Using Natural Language Processing to Detect Contradictory Claims in COVID-19 Research
25 Jun 2022How Natural Language Processing Helps Detect Contradictory Claims in Medical Research during a Pandemic
TL;DR
This blog post describes a research project that aimed to automatically process a massive body of COVID-19 literature to detect contradictions in research claims related to drug treatments using natural language processing (NLP) and machine learning. The post details the steps taken to extract relevant claims from the CORD-19 dataset, identify sentences that could be compared, create an annotated set of similar drug-related research claims, and detect contradictions between pairs of papers. The post also discusses the models used, the results obtained, and potential use cases for the research findings.
Introduction
The COVID-19 pandemic has created an infodemic of research papers about the virus and its potential treatments. With so much new research being produced, it’s hard for clinicians and researchers to determine what works and what doesn’t. This is especially true when research papers contain contradictory claims about the efficacy or toxicity of drug treatment. In this post, we’ll discuss how natural language processing (NLP) can be used to process automatically large amounts of medical literature to detect contradictions in claims, which may help curators update databases that inform clinical practice and contextualize if a paper is part of a majority or minority opinion of specific claims.
Problem statement:
During the peak of COVID-19, when a lot of research was coming out about different drugs that could work, many contradictory claims were made. The challenge was to extract these claims from a large dataset of research papers and identify semantically similar claims for comparison.
Methods:
To extract drug-related research claims, the team used a method developed by Achakulvisut et al. with the June 17 release of COVID-19 filtered texts in the CORD-19 subset of biomedical literature provided by Kaggle. Research claims were extracted from the title, abstract, and conclusion sections, with a predetermined set of section names normalized as conclusion sections. To create an annotated collection of similar drug-related research claims, the team created a set of annotator guidelines in collaboration with a team at Roam Analytics. They then sampled a set of 1000 claims pairs for gold standard annotation.

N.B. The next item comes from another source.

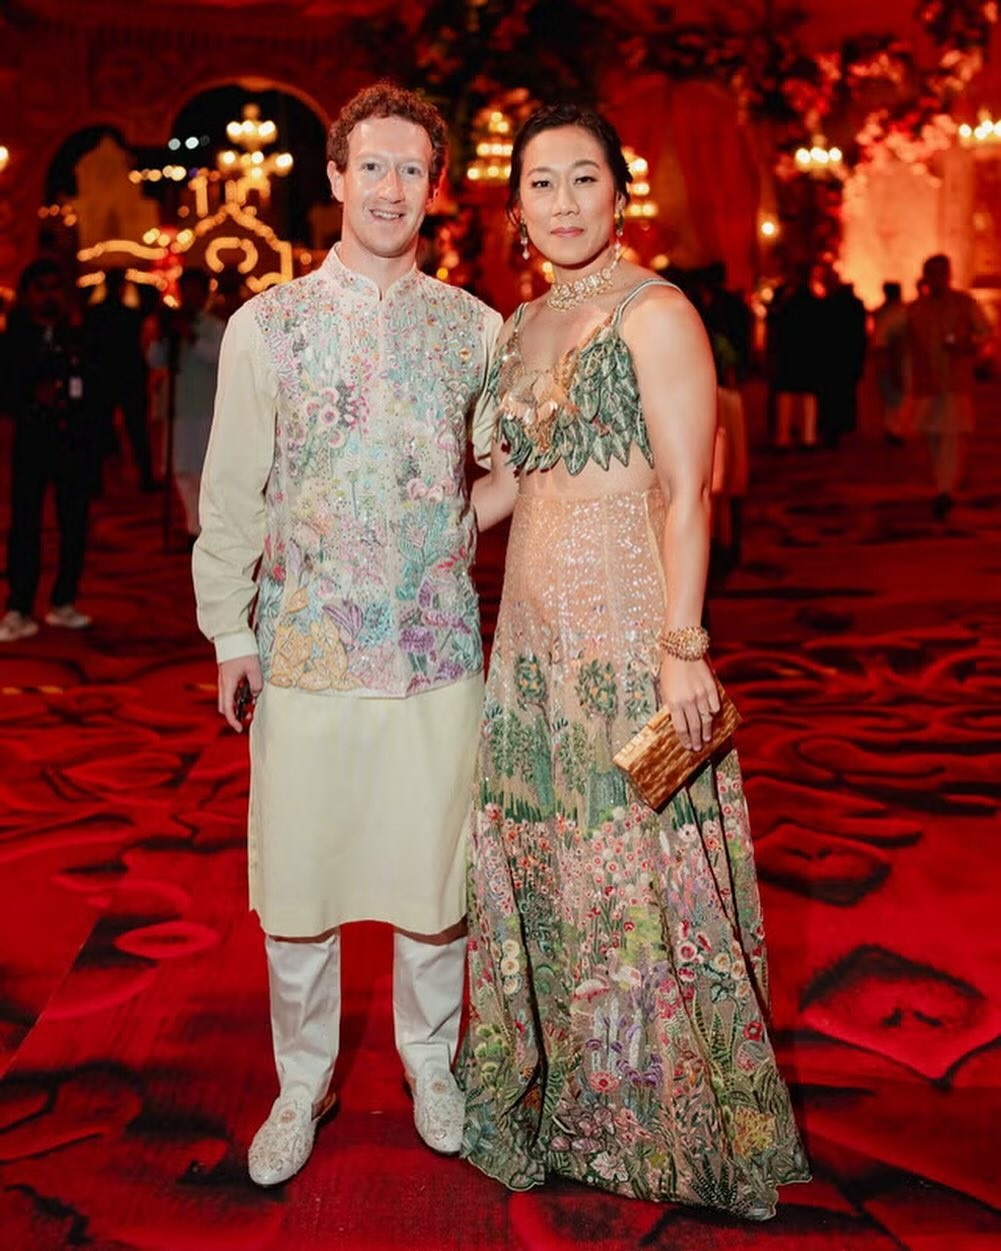 View - CEO Facebook và vợ mặc đồ "phô trương" tại bữa tiệc của tỷ phú Ấn Độ | Báo Dân trí

To detect contradictions, the team trained supervised models using a data regime of fine-tuning steps that were more domain- and task-specific. They used the Biomed-RoBERTa model fine-tuned on MedNLI, a corpus of pairs of contradictory/entailing/neutral sentences created based on clinicians’ synthetic, with a predetermined set of section names notes in electronic medical records. They further fine-tuned the model using ManConCorpus, a corpus of research claims extracted from systematic reviews about specific topics in cardiovascular health. They also used negation detection, and SBERT fine-tuned on MedNLI and ManConCorpus for claim similarity detection.
Results:
We extracted 1339 pairable claims from the dataset of COVID-19-related papers. They achieved precision/recall/F1 scores of 71%/56%/63% for claim extraction and 81%/38%/51% for contradiction detection. The BlueBERT model fine-tuned on MedNLI showed the most promise for detecting contradictions, with a contradiction class F1 score of 45%. The team also manually annotated 500 pairs of claims related to COVID-19 therapeutics.
Discussion:
We show that NLP can be a powerful tool for detecting contradictions in medical research, especially during a pandemic when research is being produced at an unprecedented rate. By identifying contradictory claims, researchers and clinicians can better understand what works and what doesn’t. Curators can update databases to reflect the most accurate information. The team’s approach also highlights the importance of domain-specific training data, as fine-tuning models on relevant datasets can significantly improve performance. In the future, this approach can be applied to other areas of medical research to help distill where differing opinions lie about the efficacy of treatments.